Shame it’s so small. We need way more housing, every new unit of which makes housing across the city more affordable. Glad it may finally get built, but it’s a shame that NIMBYism has held it back so long and hasn’t allowed it to have more homes.
You would think that would be true but West Hollywood has at least a thousand and perhaps as many as two thousand empty units, most of these luxury units that are likely being used as illegal Air BnB. So a lot of this irresponsible construction isn’t doing anything to help the housing crisis. It is not NIMBYs keeping these units vacant.
My dear James None of the units that get built will be affordable. WeHo Council is in cahoots with developers, who have no intention to create affordability but profit. Wake up and smell the corruption, you are part of it
Unfortunately that’s not true. Weho sits within broader LA, so even adding a ton more housing in Weho doesn’t make a dent in the overall LA situation — but it does it induce more people to move into WeHo, further crowding an area that is already choked with traffic throughout the day. Land is so expensive in Weho that developers will only build luxury units, which don’t help the affordability crisis either.
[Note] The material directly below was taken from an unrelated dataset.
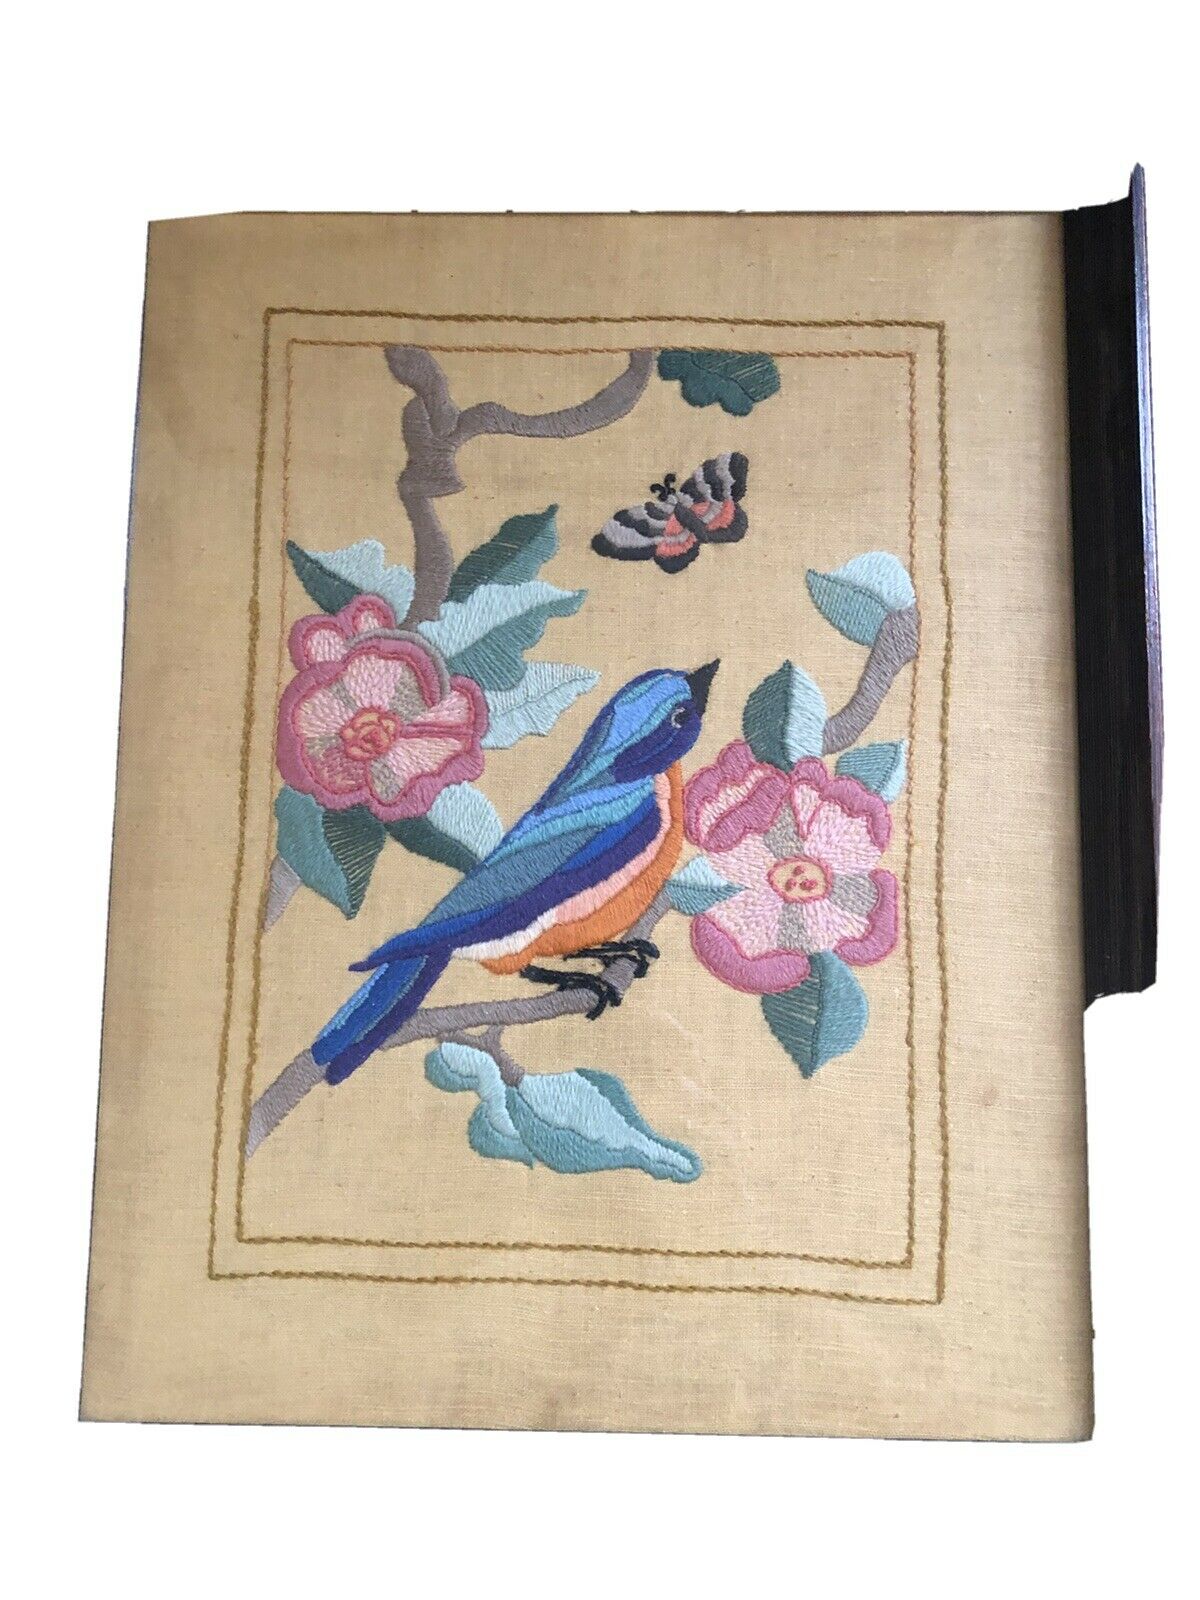 Vintage Bird And Flowers Embroidery. Framed

Once again Lynn Hoopengarner speaks the truth. History will view her kindly, and sadly prescient. The chaotic, gridlocked, Sunset Fire evacuation partially utilizing Fountain Ave was a scary wake-up call that is going unheeded. Reduce Fountain Ave capacity by a further 50%? Brilliant! Densify housing on narrow hill streets? What could go wrong? And the ‘amenity room’ loophole that has already been exploited to subsequently add more luxury units than initially approved needs to be closed asap. West Hollywood already has an overhang of empty luxury apartments, judging by the reported 11.3 +% vacancy rate. It will be interesting to… Read more »
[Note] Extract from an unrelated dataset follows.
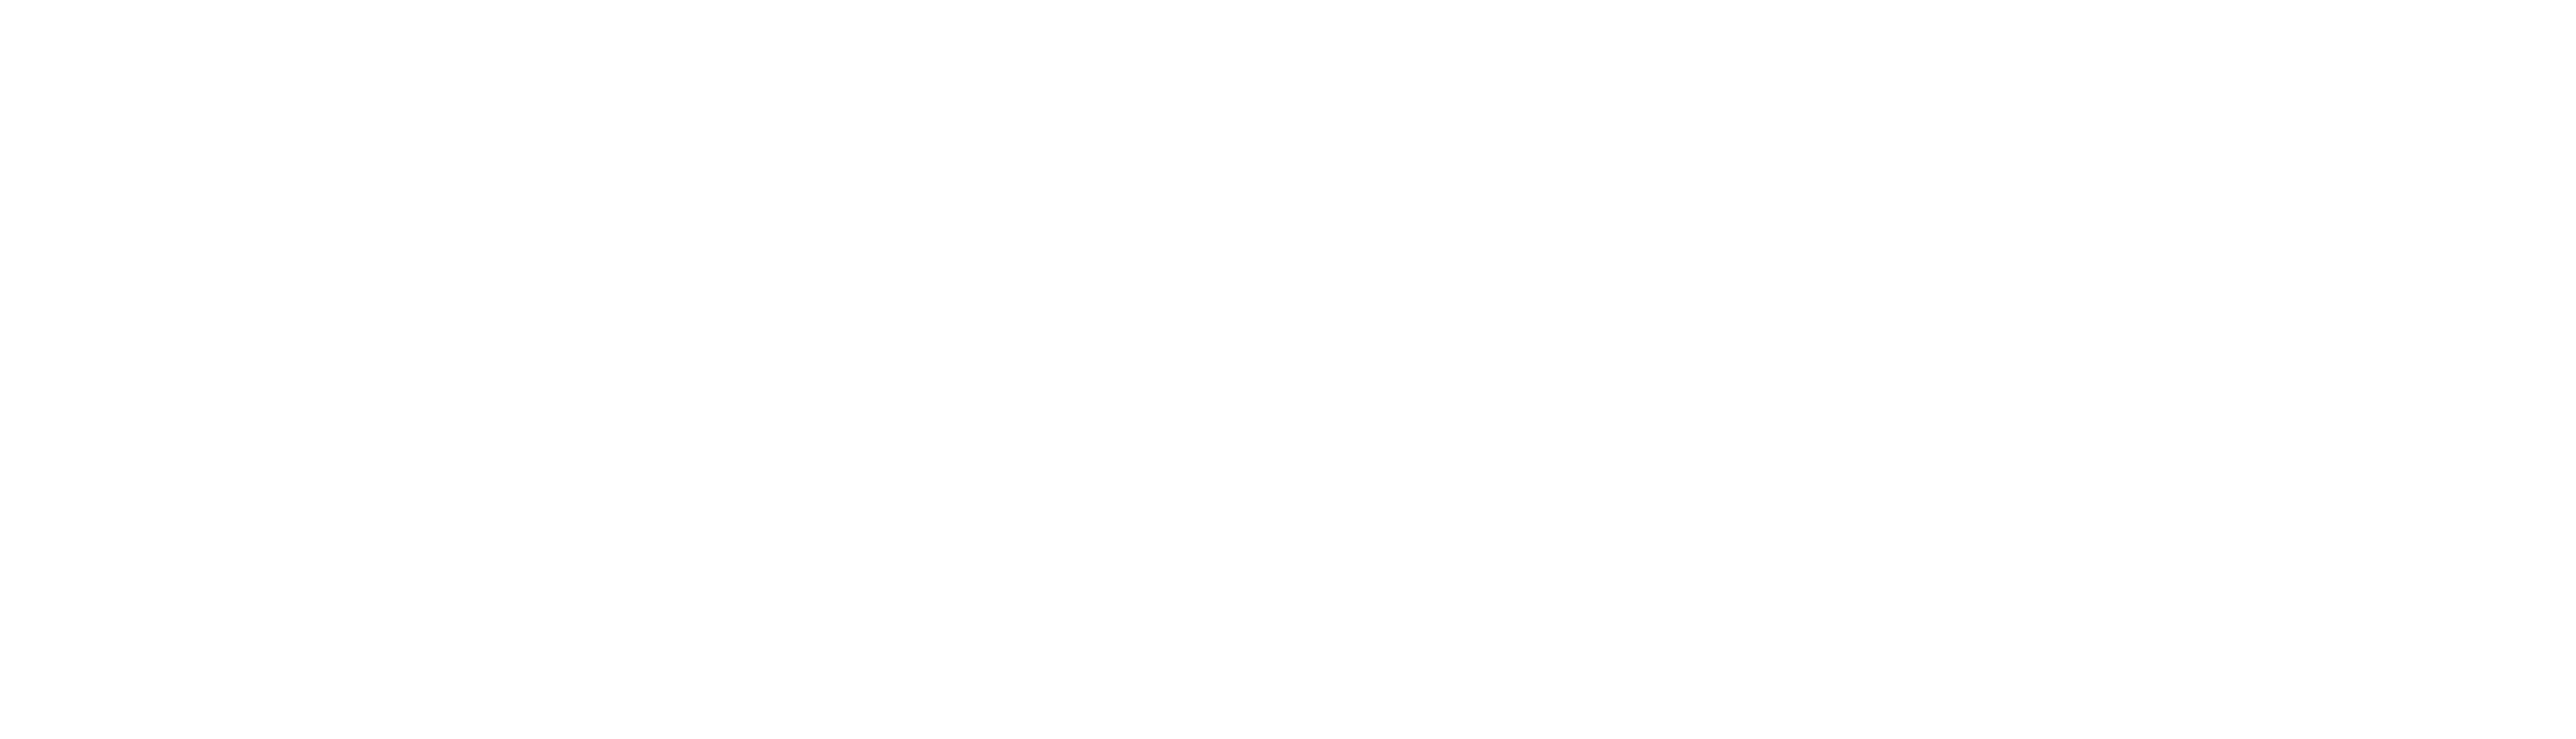 Gardele Business Solutions

I think WeHo residents are getting very tired of hearing “our hands are tied” from our elected and appointed officials who don’t have the moxie to stand up for rational land use policies and fight for the residents of the City they supposedly serve. If you are going to just rubber stamp projects you claim are flawed, why do you even bother showing up to meetings? In a City that claims to have a history of “resistance”, we look pretty impotent and wimpy. Maybe the Commissioners could vote “no” just to demonstrate they have some solidarity with the members of… Read more »
Hi Steve-
You are the former Mayor and attorney, so you would know better, but my sense is Lynn Hoopingarner’s safety concerns with increasing density on a narrow street in a designated wildfire high risk zone are valid and would hold up if challenged in court.
I agree it’s disappointing no other commissioners saw fit to join her in rejecting this inappropriate, unsafe project that increases risk to life not just for its potential future residents but for its existing neighbors as well.
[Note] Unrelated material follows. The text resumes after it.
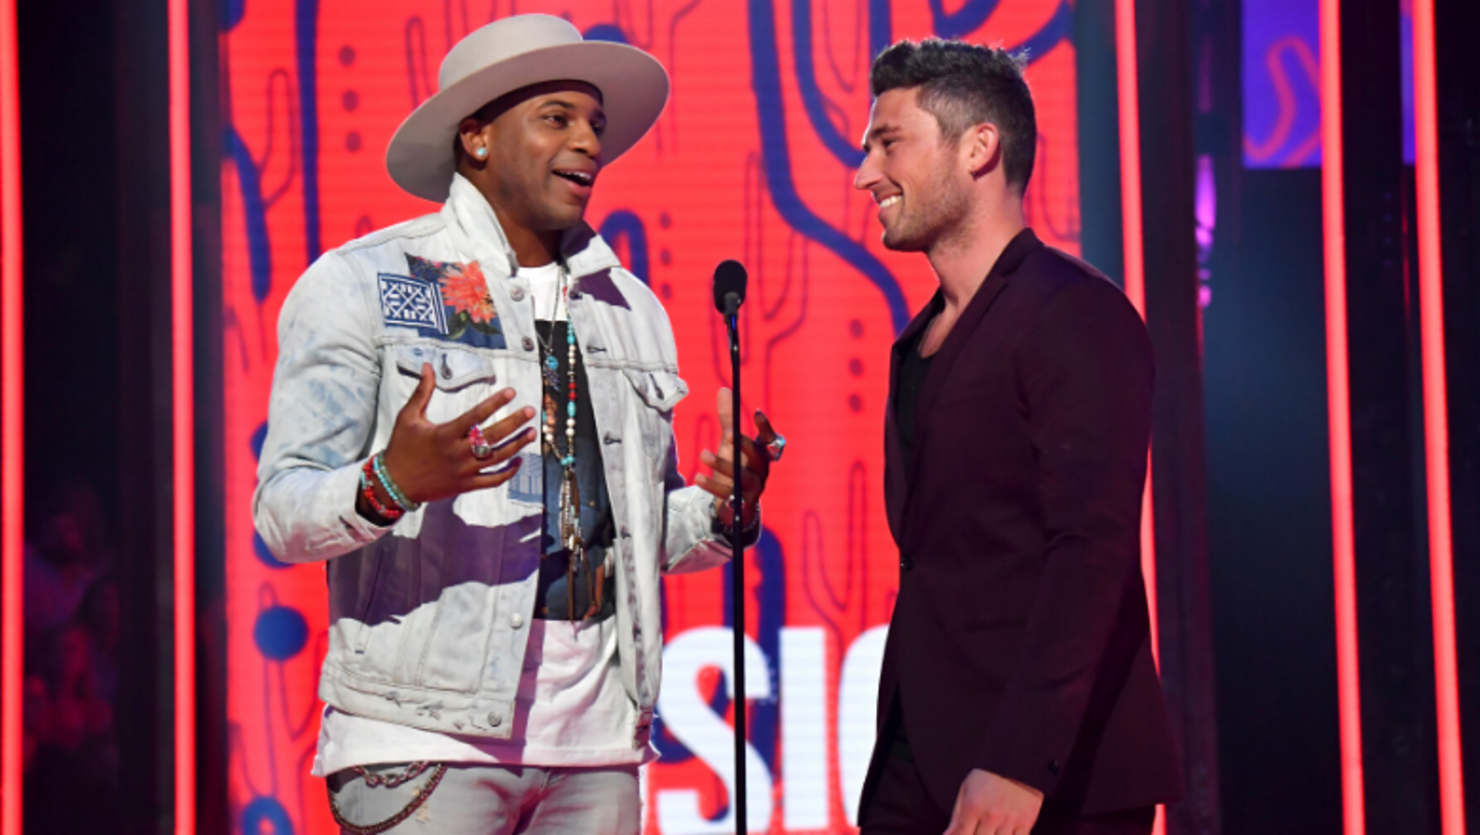 Jimmie Allen Gives Michael Ray Parenting Advice For The Future

Lynn Hoopingarner seldom makes specious arguments. If this was appealed to City Council, they could weigh the evidence and perhaps vote to deny based upon the issues she raised.
“… perhaps vote to deny” – except that three of them are beholden to developers. Betcha’ can’t guess who!
exactly right, Steve! Why do they even bother showing up? I feel bad for Lynn Hoopingarner who must be so incredibly frustrated having to deal with this b.s. every time the planning commission meets.
But thank goodness we have her there to put the truth on the public record and to vote her conscience, God bless her!
She is one of my inspirations for what being a concerned resident looks like, along with you and Steve.